Pumpkin patches and craft fairs replacing costumes in some communities, adding outreach in others
Most people see orange this time of year. Members of the Park Plaza church in Tulsa, Okla., see green.

The church’s pumpkin patch last year raised more than $2,100 for the Education Foundation at Key Elementary School, the church’s contact through Tulsa’s Partners in Education program.
This year, pulpit minister Mitch Wilburn says the expectations are higher in every way.
“We want to be a good neighbor, and the community now sees us in this positive light because of our work,” Wilburn said. “But more than that, there is a deeper meaning to this. We can’t be satisfied with just being a good neighbor. We have to take the next step and turn these efforts into conversations and studies about Jesus.”
The fun begins again this year on Oct. 16, with the opening of the Park Plaza Pumpkin Patch. Also planned is a craft fair, hay maze, petting zoo, face painting and games. The attractions are free and open to the public.
Sale items will include baked goods, arts, crafts, jewelry and more. The craft fair runs from 9 a.m. to 6 p.m. on Oct. 22.
The Vancouver, Wash. church also will be a sea of orange as that congregation prepares its Pumpkin Patch. Delivery of thousands of pumpkins is expected on Sunday afternoon, and volunteers will help customers pick out pumpkins each day from 9 a.m. to 7 p.m. through Oct. 30.
The proceeds from the Vancouver church event will benefit its Mexico Mission team. But more importantly, church leaders say, it gives the community an opportunity to see members in a different setting.
“We will have a chance to meet people from all over Clark County and let them know who we are and what we’re about,” minister Craig Brown said. Those who purchase pumpkins are given an invitation to the church’s Harvest Festival, which it calls a Christian alternative to Halloween, as well as its building dedication on Nov. 6.
“We will begin building relationships with people looking for a church home,” Brown swaid.
Wilburn said fall activities are an example of how church leaders are becoming more creative with evangelism.

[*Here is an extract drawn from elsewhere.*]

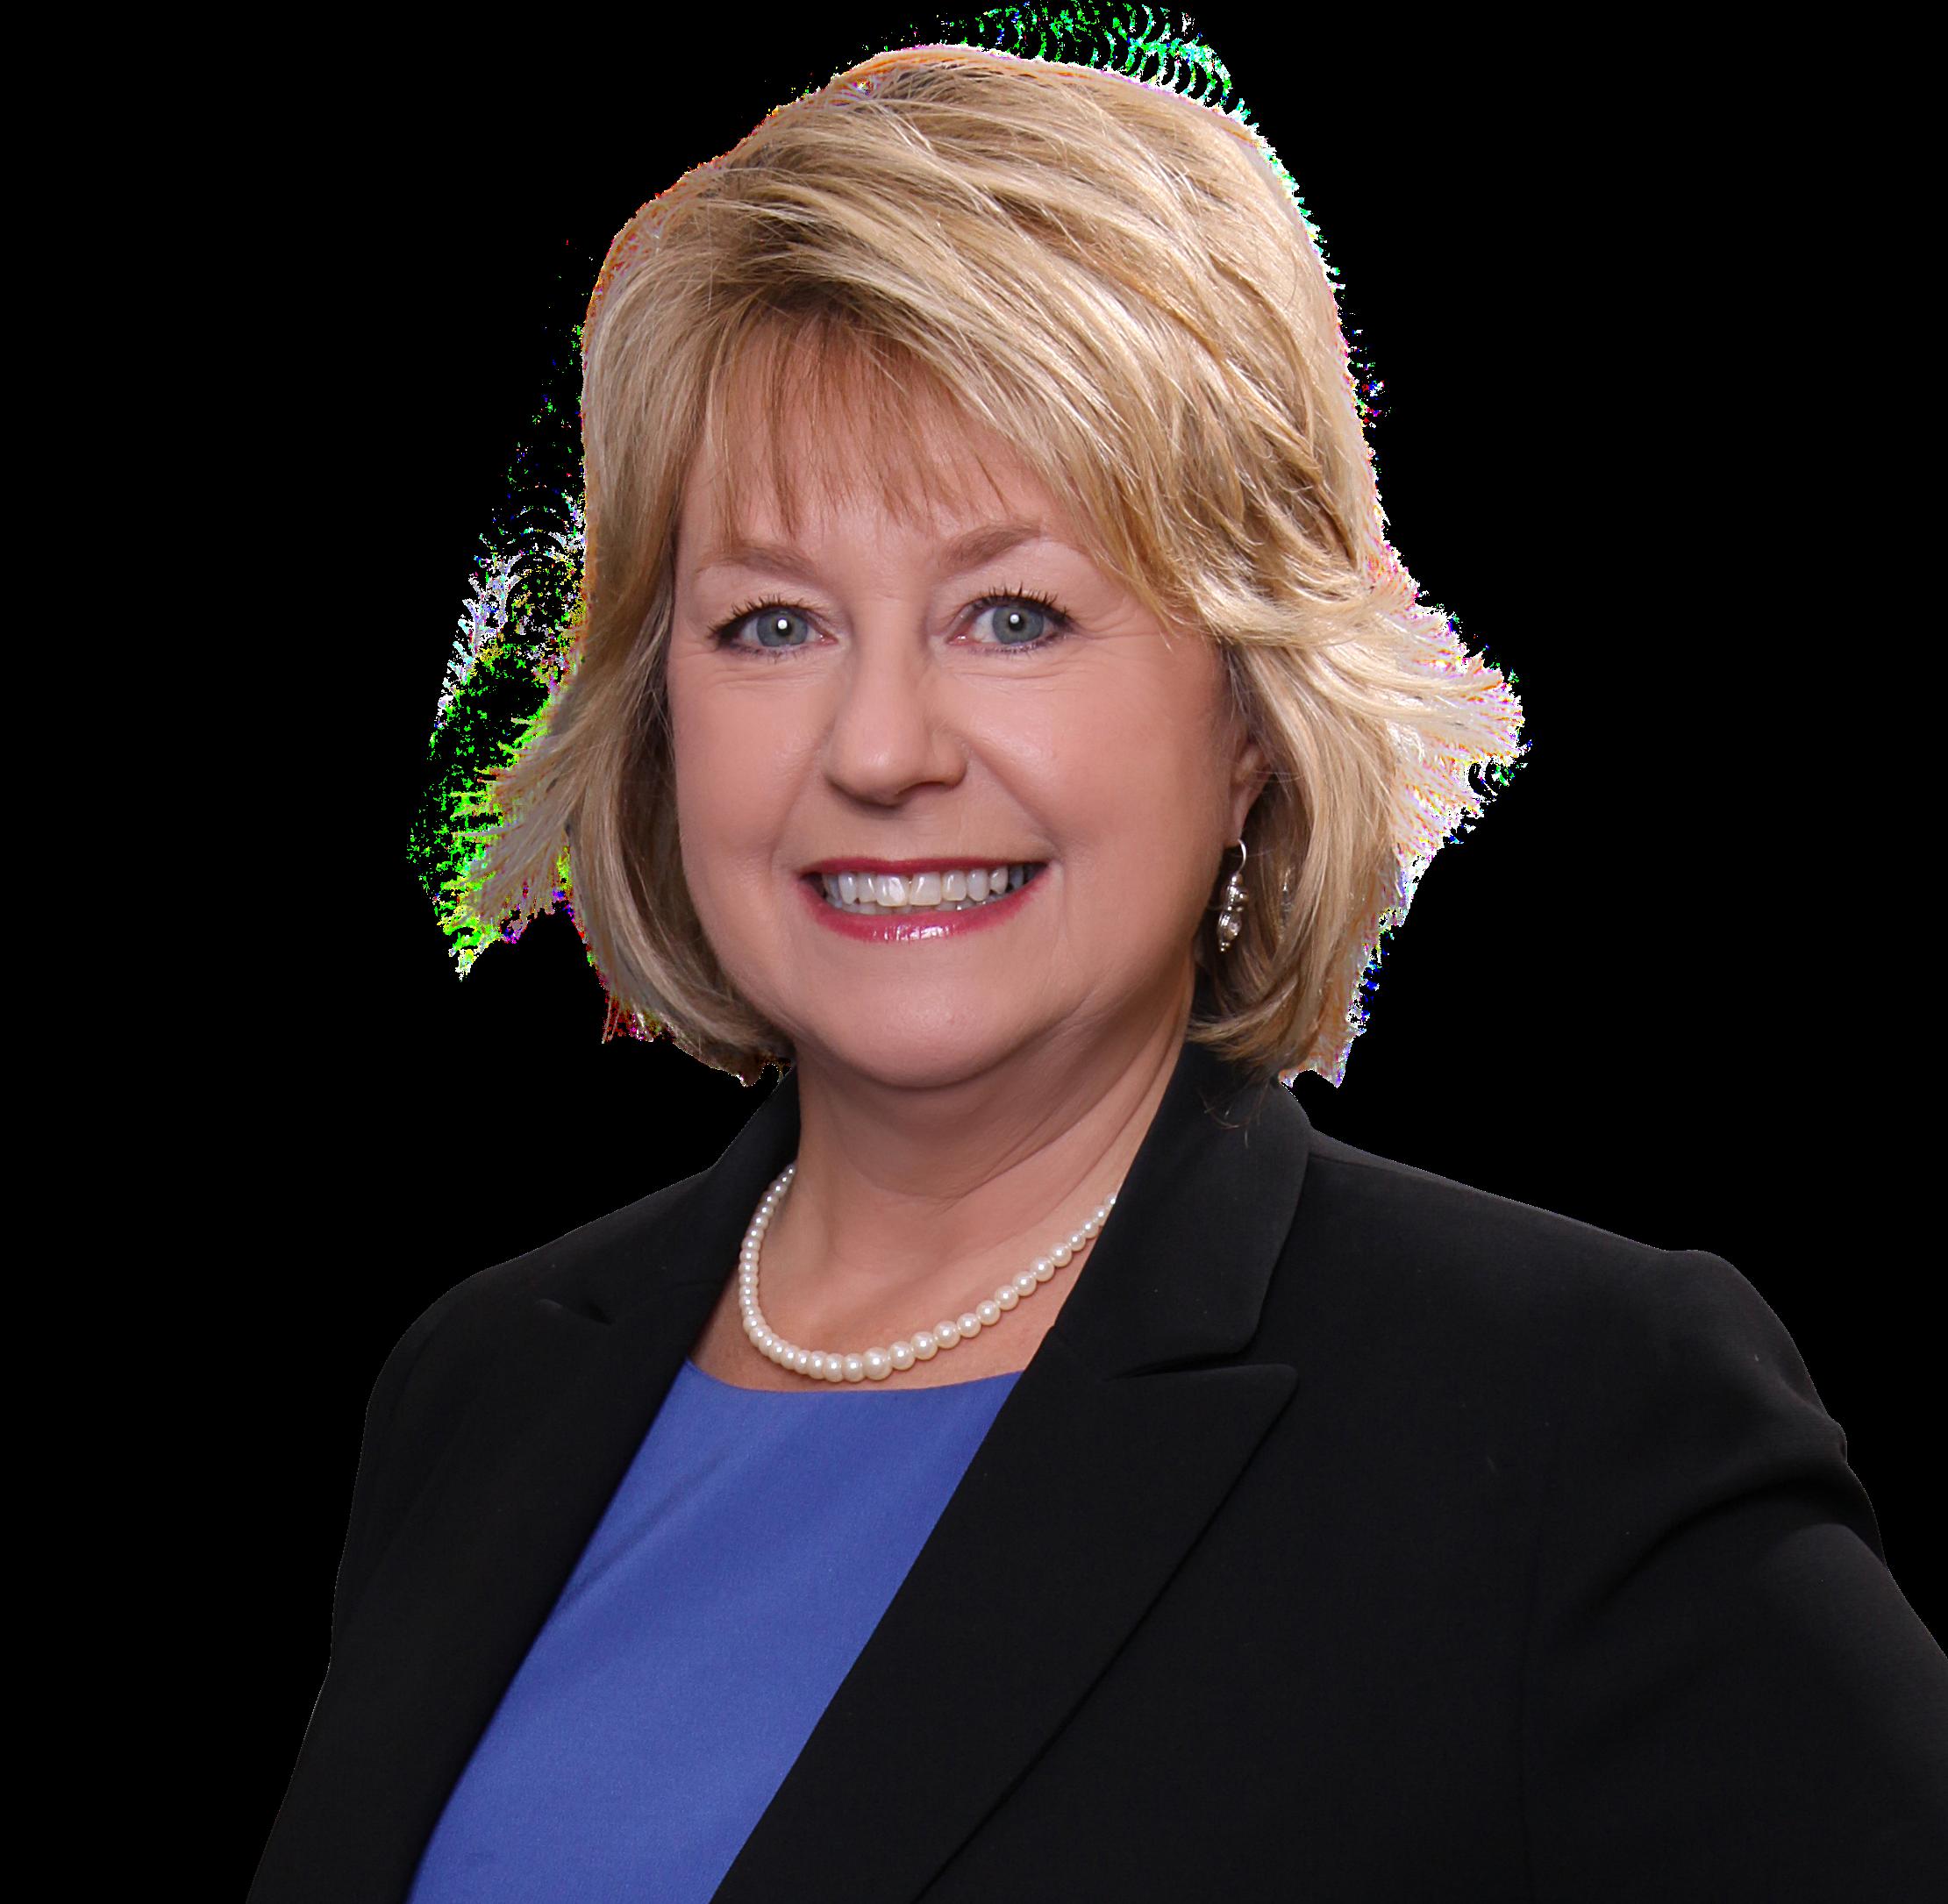 Kathy Venable

Giving away candy or cups of hot cocoa is just part of the plan, though.
“It’s important that we don’t let ourselves slip into the realm of social interaction,” Wilburn said. “We’ve always got to keep before us that these are efforts to reach souls.”
Other churches offering similar events include the Providence Rd Church of Christ in Charlotte, NC, which will host its 4th annual Fall Fun Fest on Oct. 31. Activities will include a petting zoo, dunking booth, bounce houses, the amazing maze, carnival games, cake walk, police & fire officers/vehicles, face painting, Christian magician, pumpkin decorating, and more. Candy and prizes will be distributed, as well.
Jim Bales said the congregation calls the event its “fun, safe alternative to Halloween” and expect more than 700 children this year.
“We always have it on the night of the 31st, and we have lots of bright lights on the front lawn to attract attention,” Bales said. “Today’s streets are not the same as they were 30-40 years ago. Lots of folks don’t know their next door neighbors – not to mention the people down the block. Parents need a place to take their kids where they are safe.”
“Then maybe they will remember us as a comfortable, friendly, Christ-like congregation worth a second look,” he said, adding that parents register their children for door prizes, then church members follow up with contacts.